--- Supplied information ---
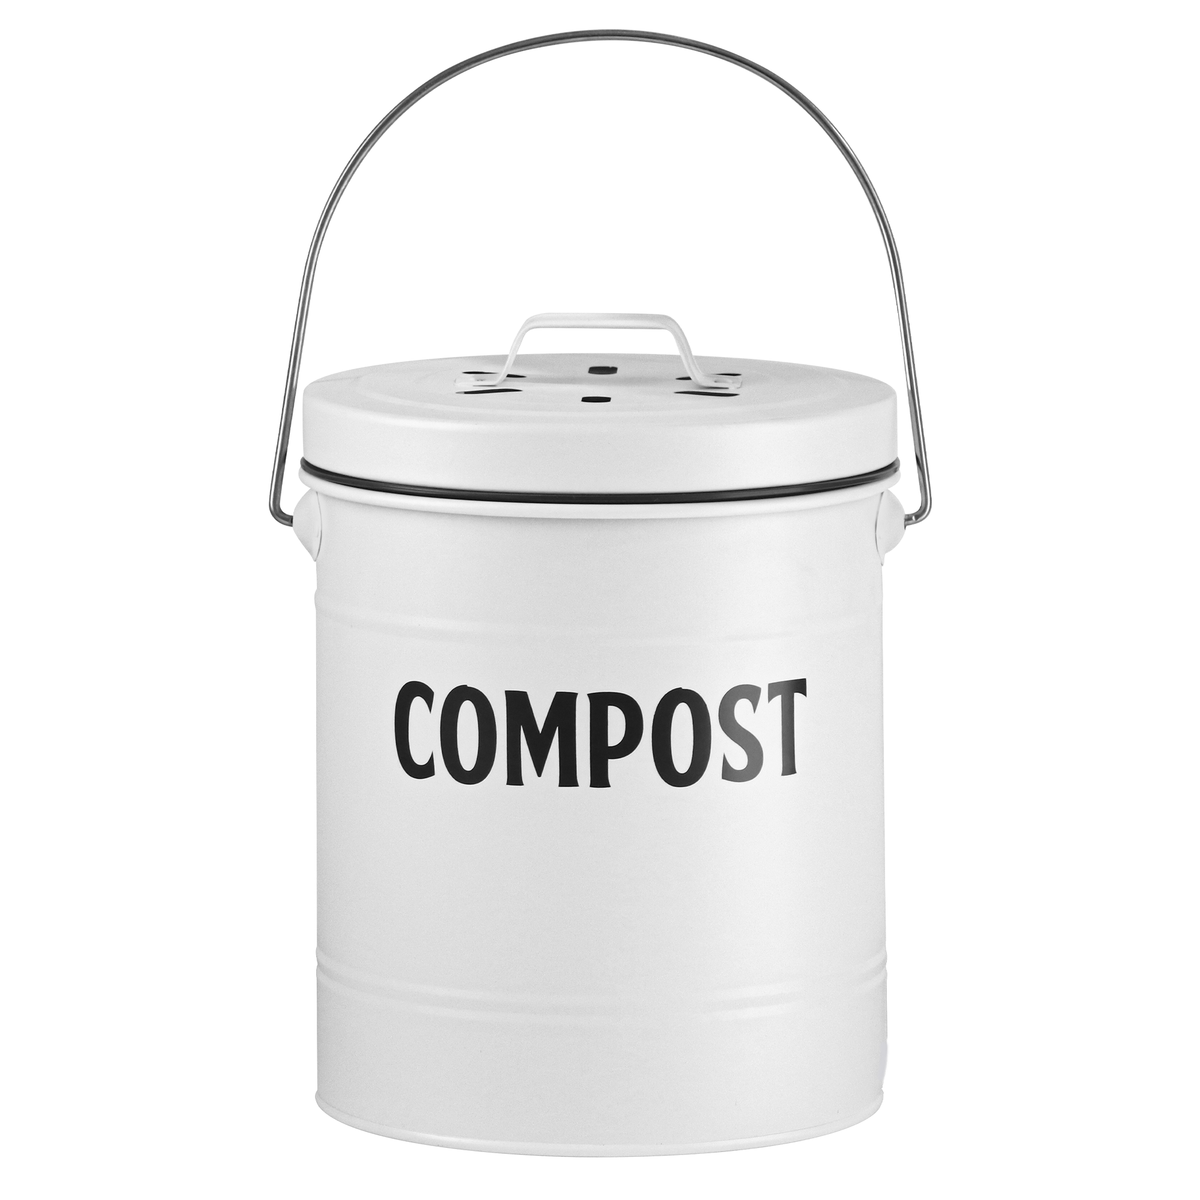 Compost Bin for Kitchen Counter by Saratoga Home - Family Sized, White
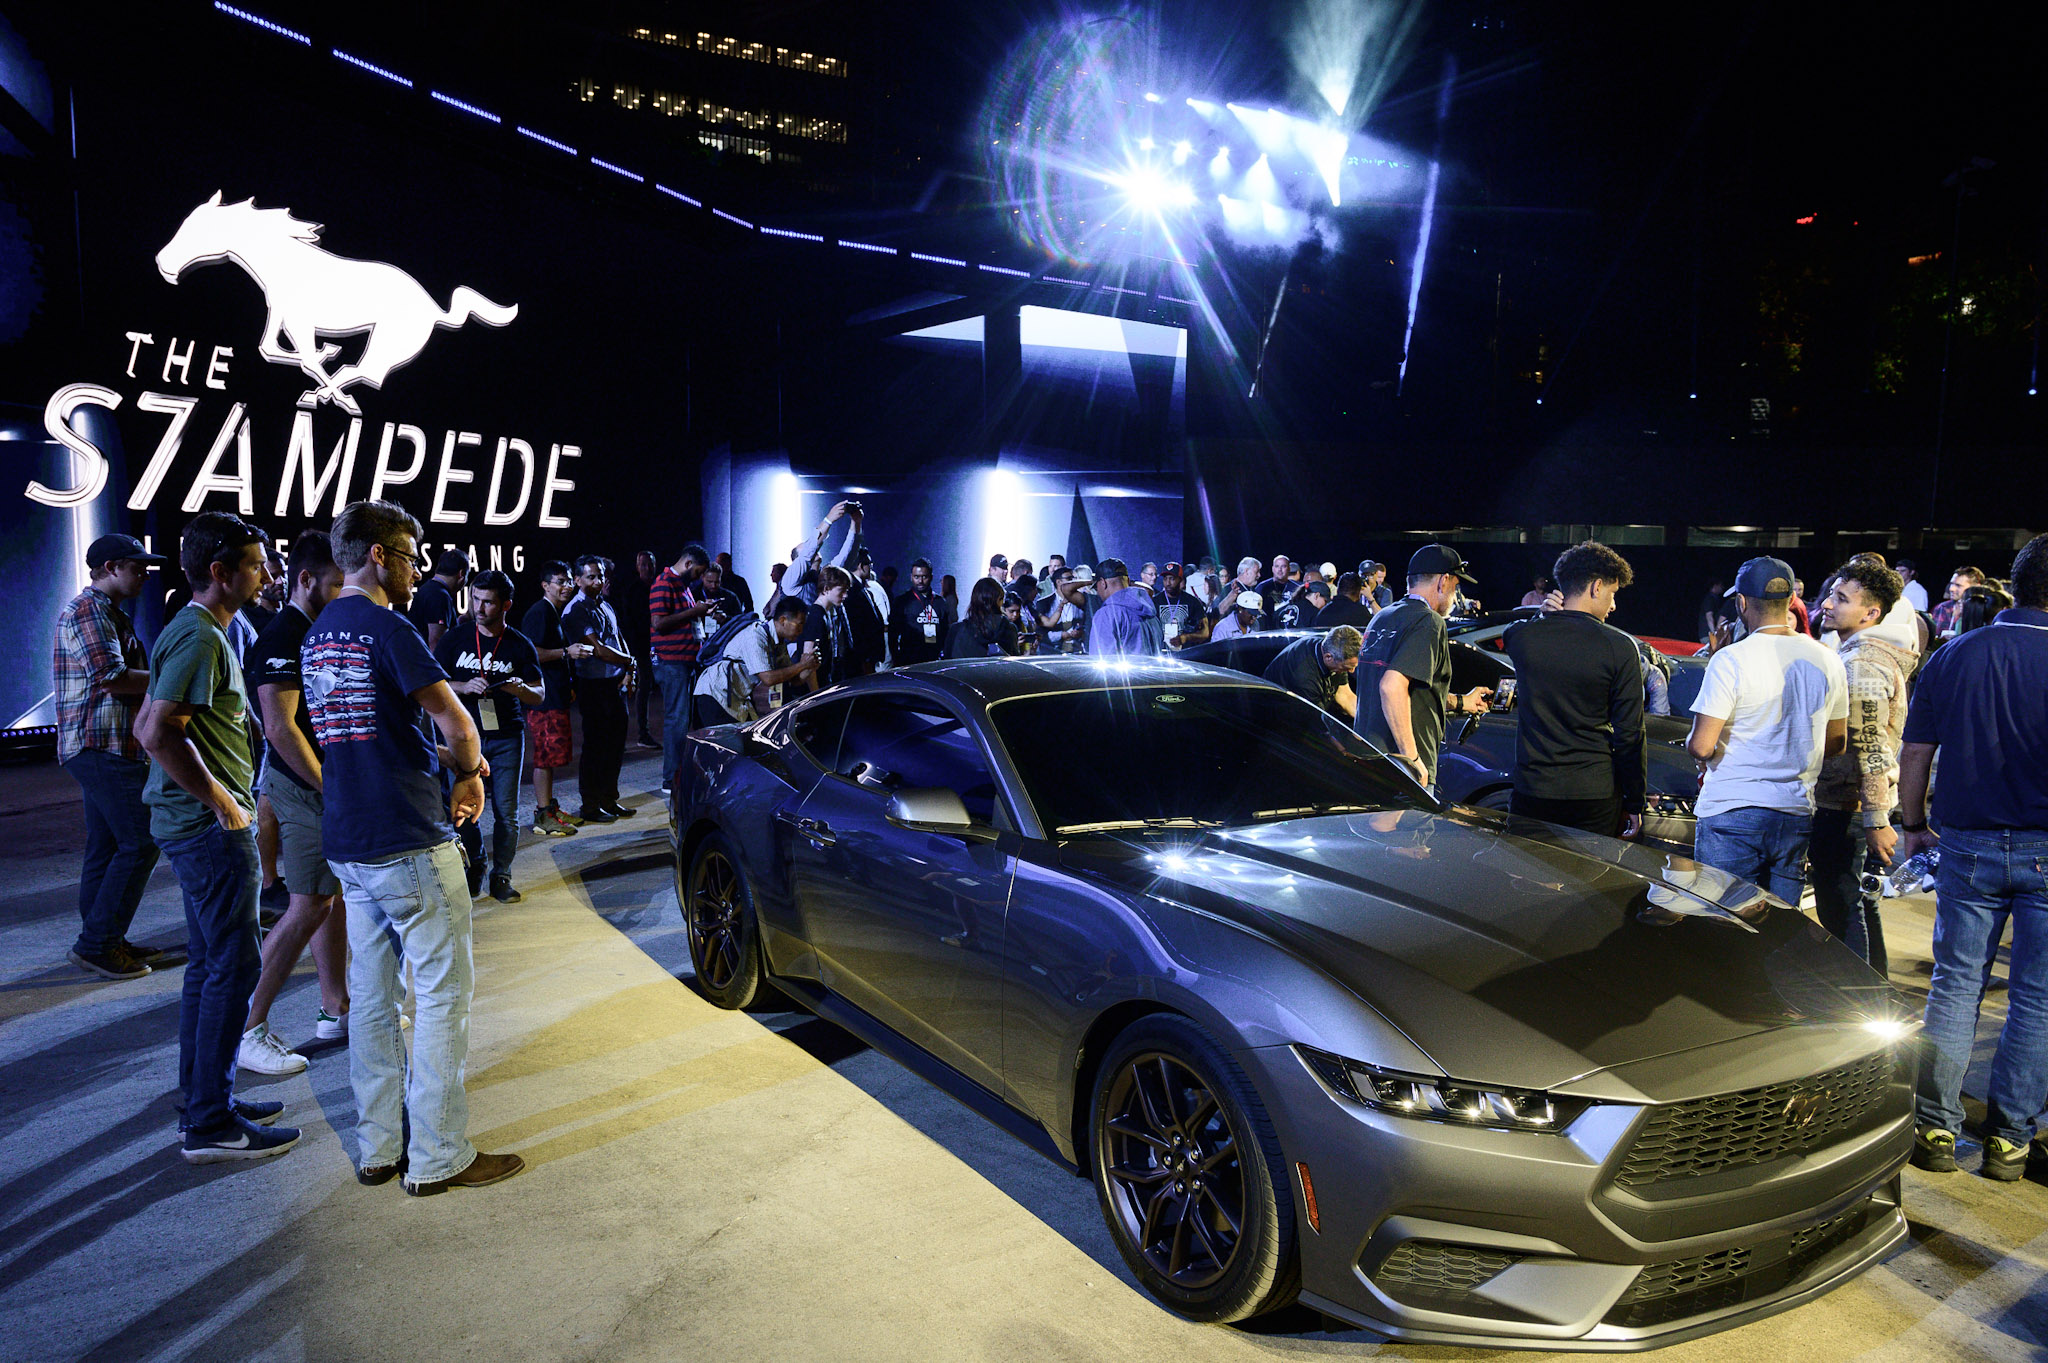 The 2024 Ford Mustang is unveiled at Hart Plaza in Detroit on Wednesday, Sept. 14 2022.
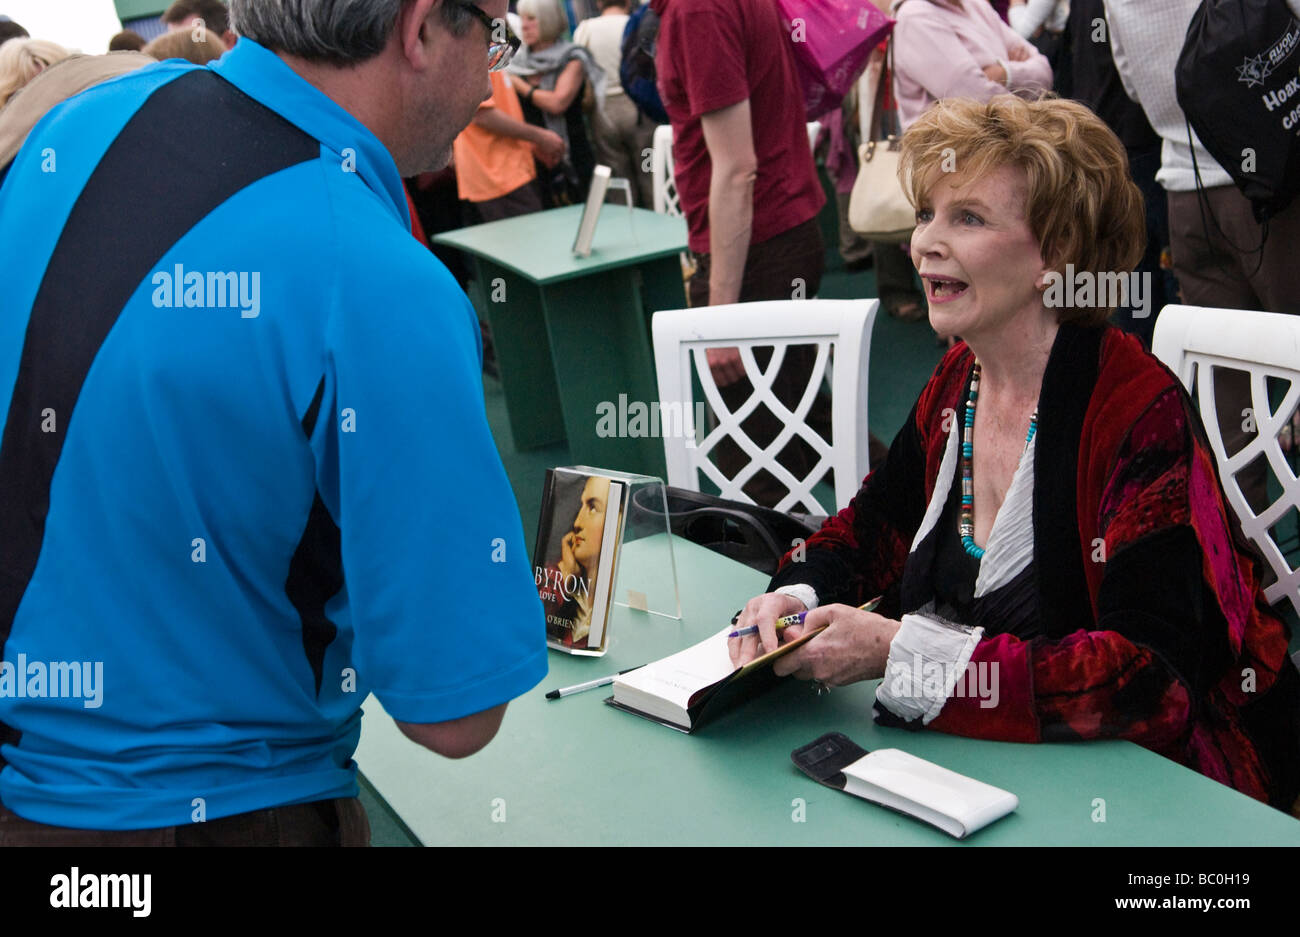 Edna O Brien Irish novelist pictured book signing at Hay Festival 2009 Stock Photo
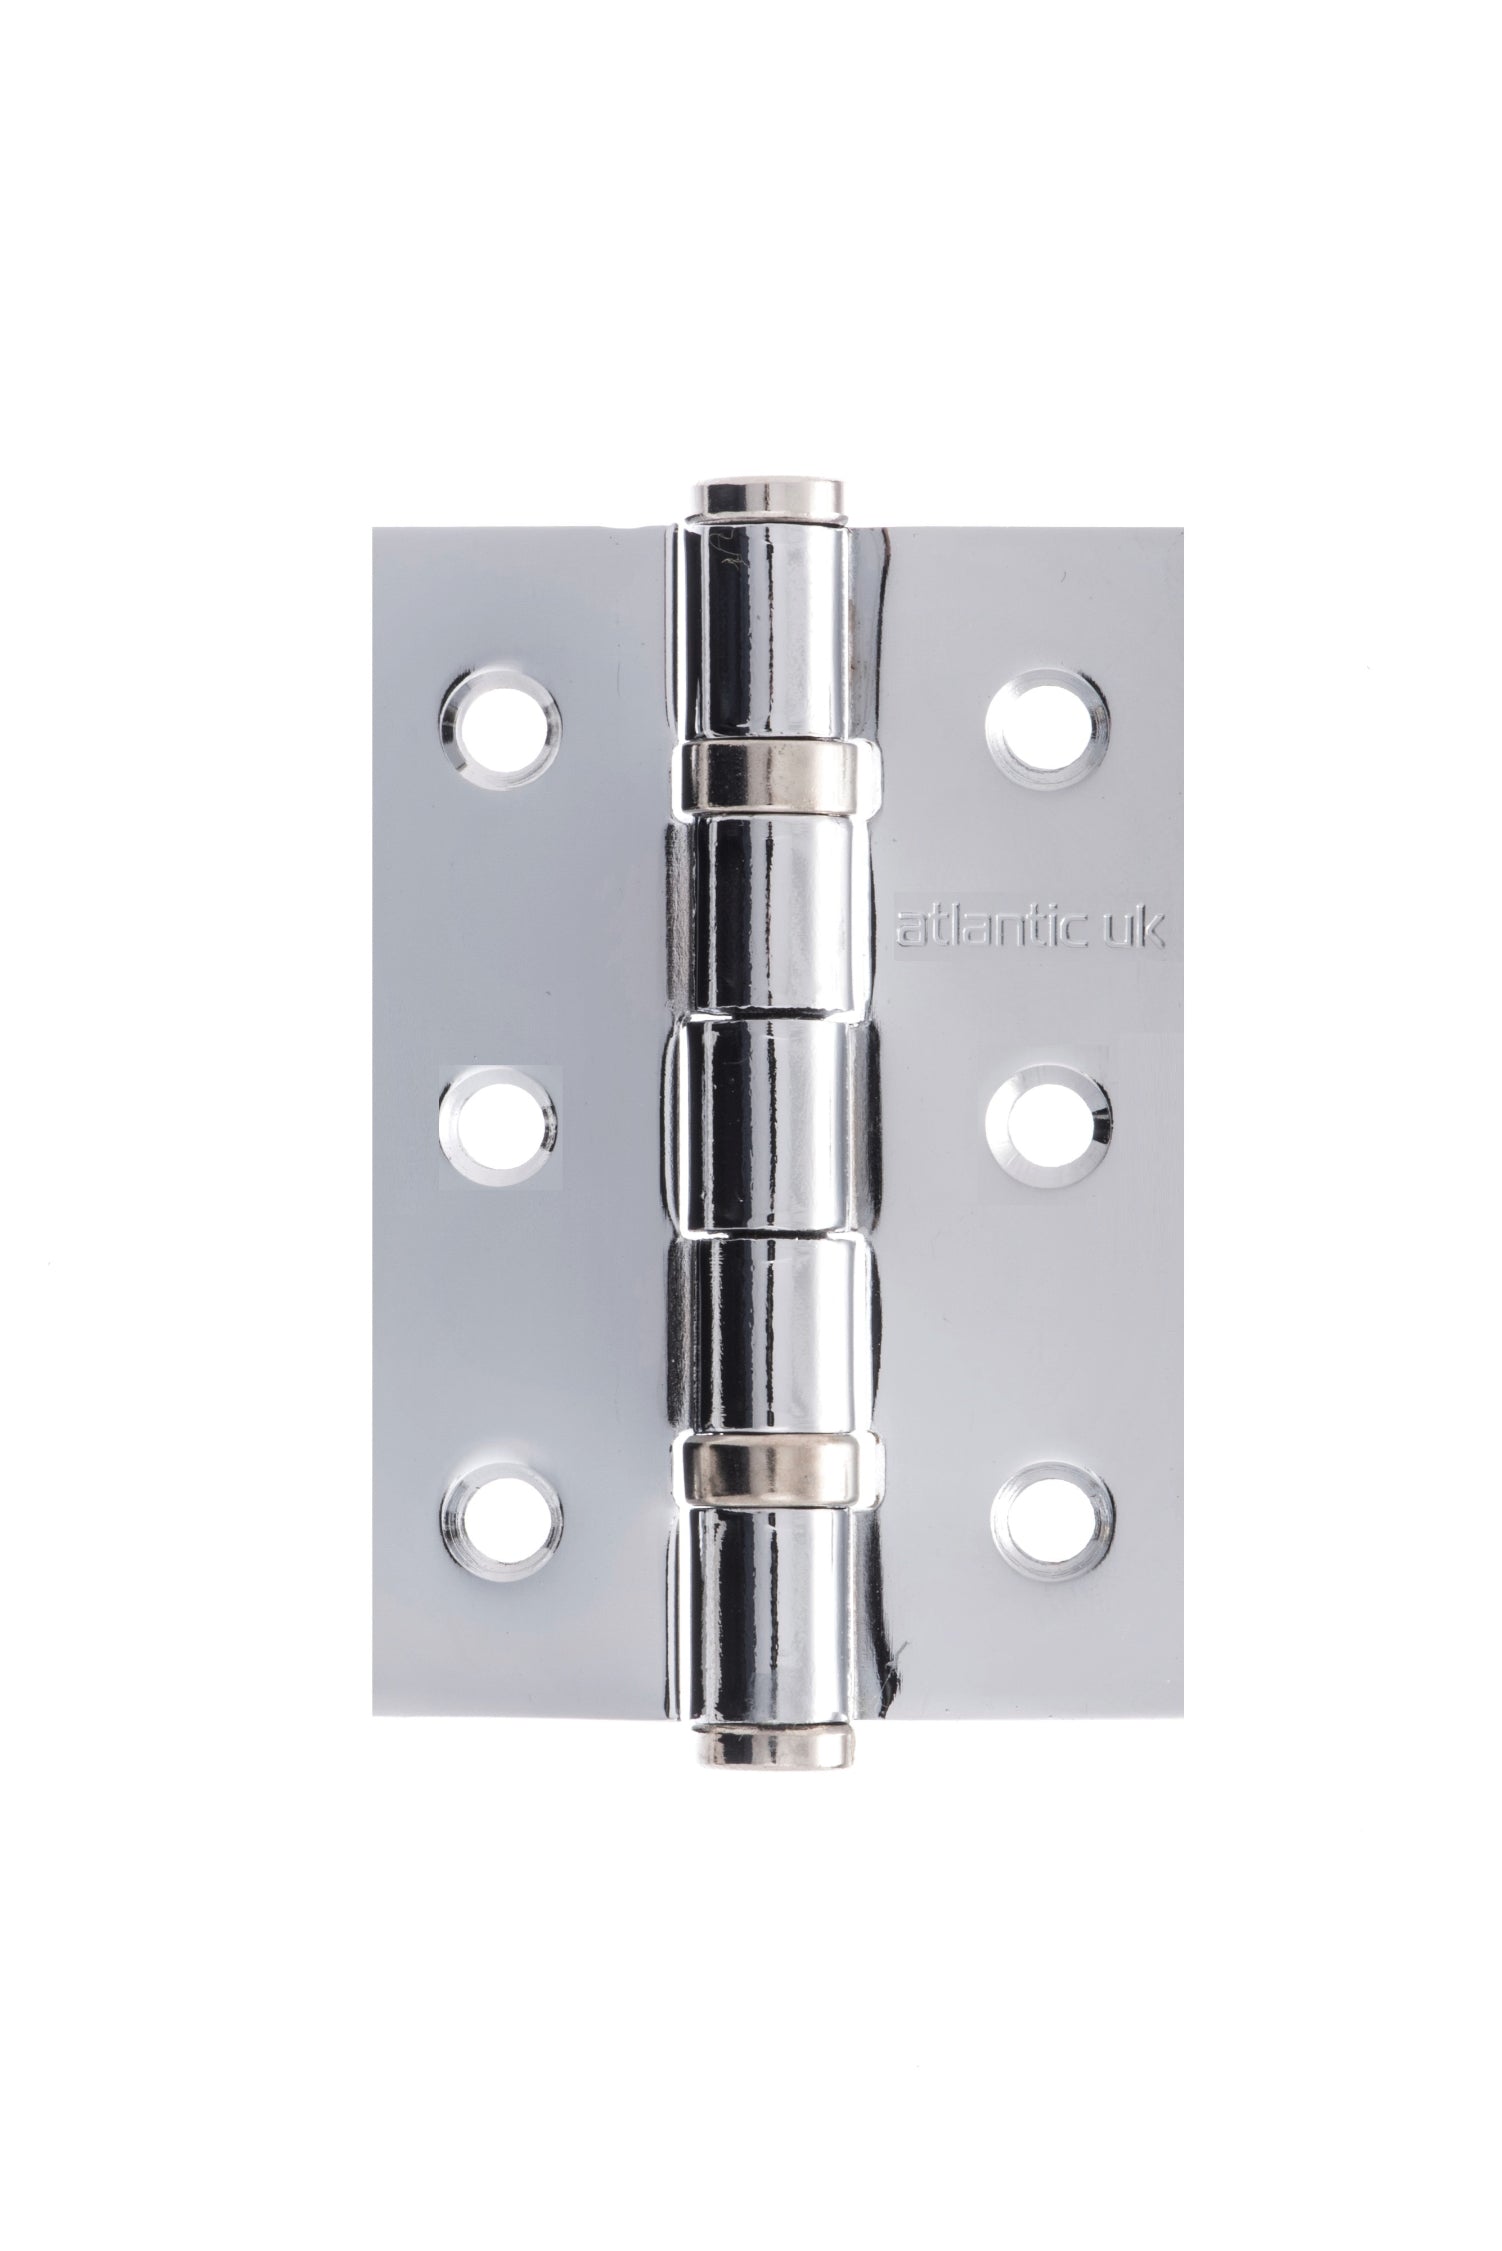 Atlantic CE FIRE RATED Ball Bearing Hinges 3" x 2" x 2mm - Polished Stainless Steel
---
* **Your task**: Return the full listing above exactly as written, and omit the pictures.

* **Solved exercise**:
 Compost Bin for Kitchen Counter by Saratoga Home - Family Sized, White
 The 2024 Ford Mustang is unveiled at Hart Plaza in Detroit on Wednesday, Sept. 14 2022.
 Edna O Brien Irish novelist pictured book signing at Hay Festival 2009 Stock Photo
 Atlantic CE FIRE RATED Ball Bearing Hinges 3" x 2" x 2mm - Polished Stainless Steel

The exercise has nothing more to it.